Mistrzyni Eulalia ze spuszczoną głową zawróciła w stronę swego chramu, a w pewnym oddaleniu szedł za nią koziogłowy Čart, który przeklinał jak pijany woźnica i rzucał kamieniami. Po powrocie do chramu Mokoszy, starowinka oddała płomieniom wszystkie swe gromadzone przez lata różdżki, nawęzy, rękawiczki z kociej skóry, bębny, szklane kule, księgi i tym podobne. Następnie padła na trawiastą, mokrą od rosy – potu Niebios ziemię i z płaczem przepraszała ją za plugawienie jej obmierzłym czarodziejstwem. Ani się spostrzegła gdy zasnęła. Rano, gdy złote Słońce znów zapłonęło na niebie i poczęło chciwie pić kruchą rosę, Wiedźma spostrzegła, że jej siwe włosy delikatnie głaszcze jakaś dłoń podobna do eburnu i nachyla się nad nią twarz pełna dziewiczej słodyczy i macierzyńskiej miłości, okolona długimi, złocistymi włosami podobnymi do promyków Słońca. Piękna istota ubrana w zieloną suknię przepasana była złotym łańcuchem, a w jej niebieskich oczach kryła się mądrość całych eonów. Choć nie miała korony z ognia, Wiedźma rozpoznała w niej swą panią, Mokoszę. Czym prędzej poderwała się z trawy i oddała jej pokłon.

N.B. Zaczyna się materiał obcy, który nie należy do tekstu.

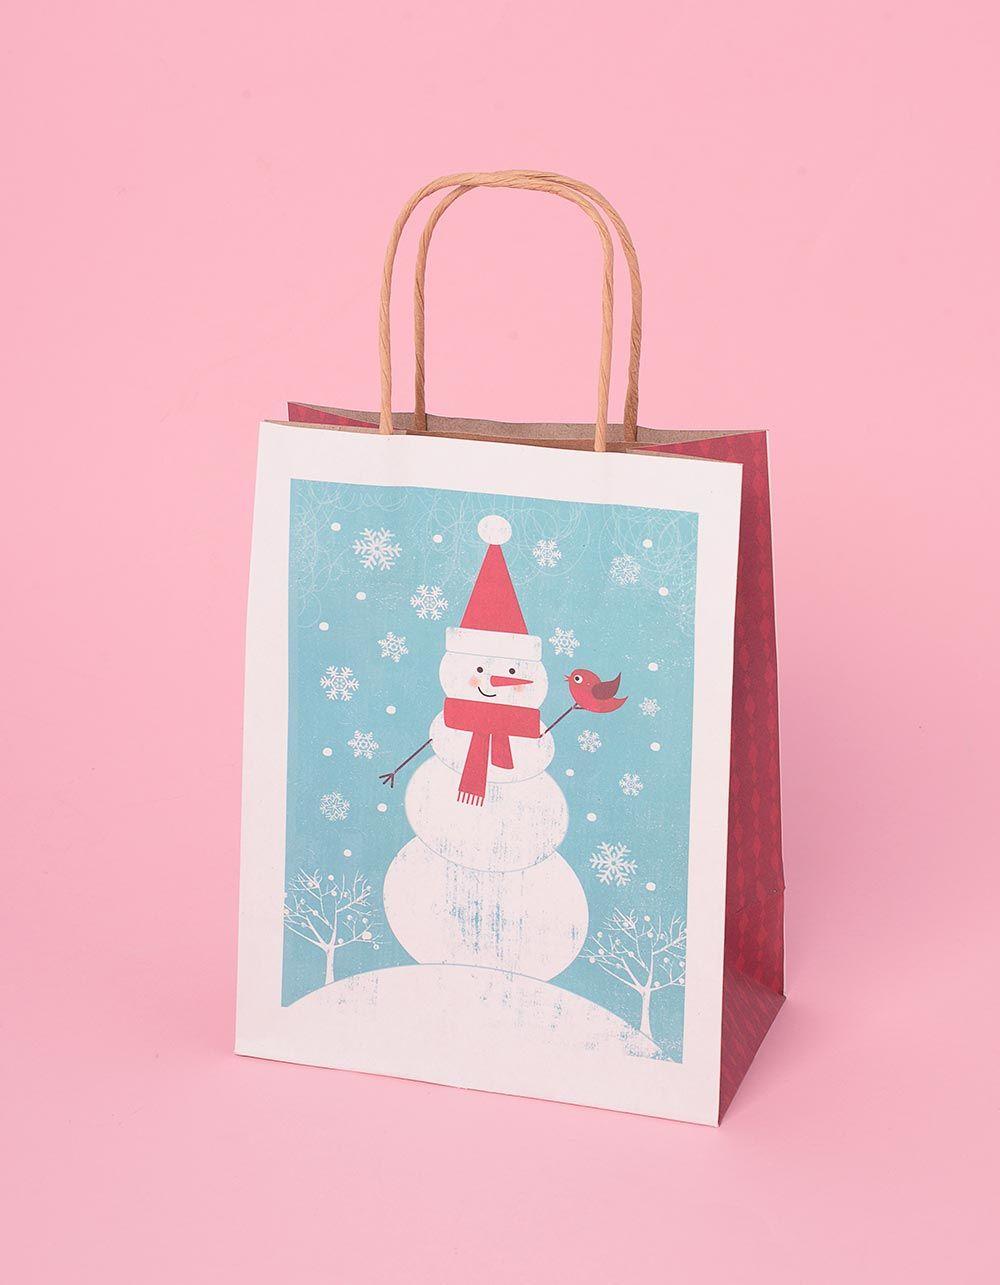 Пакет подарунковий з новорічним принтом | 240044-18-XX

- Już ci wybaczyłam, córko – rzekła Mokosza. - Wstawiłam się za tobą u Ageja i zgodził się dać ci długie życie, jednak gdy będzie ci się dłużyło, możesz przejść przez strumień Zmajski i tak żywa dostać się do Nawi – po tych słowach Mokosza ucałowała swą kapłankę w czoło i znikła wśród śpiewu ptaków i zapachu kwiatów.
Stało się tak jak zapowiedziała. Wiedźma przeżyła jeszcze pełne pięć pokoleń mieszkańców Nowego Grodu Północy, pokutując i świadcząc wszystkim dobro, a gdy życie ją znużyło, przeszła w bród przez strumień, z którego piły smoki i znikła żegnającym je młodszym kapłankom z oczu. Udała się do Jasnej Nawi, gdzie czekała na nią ognista korona jytnas.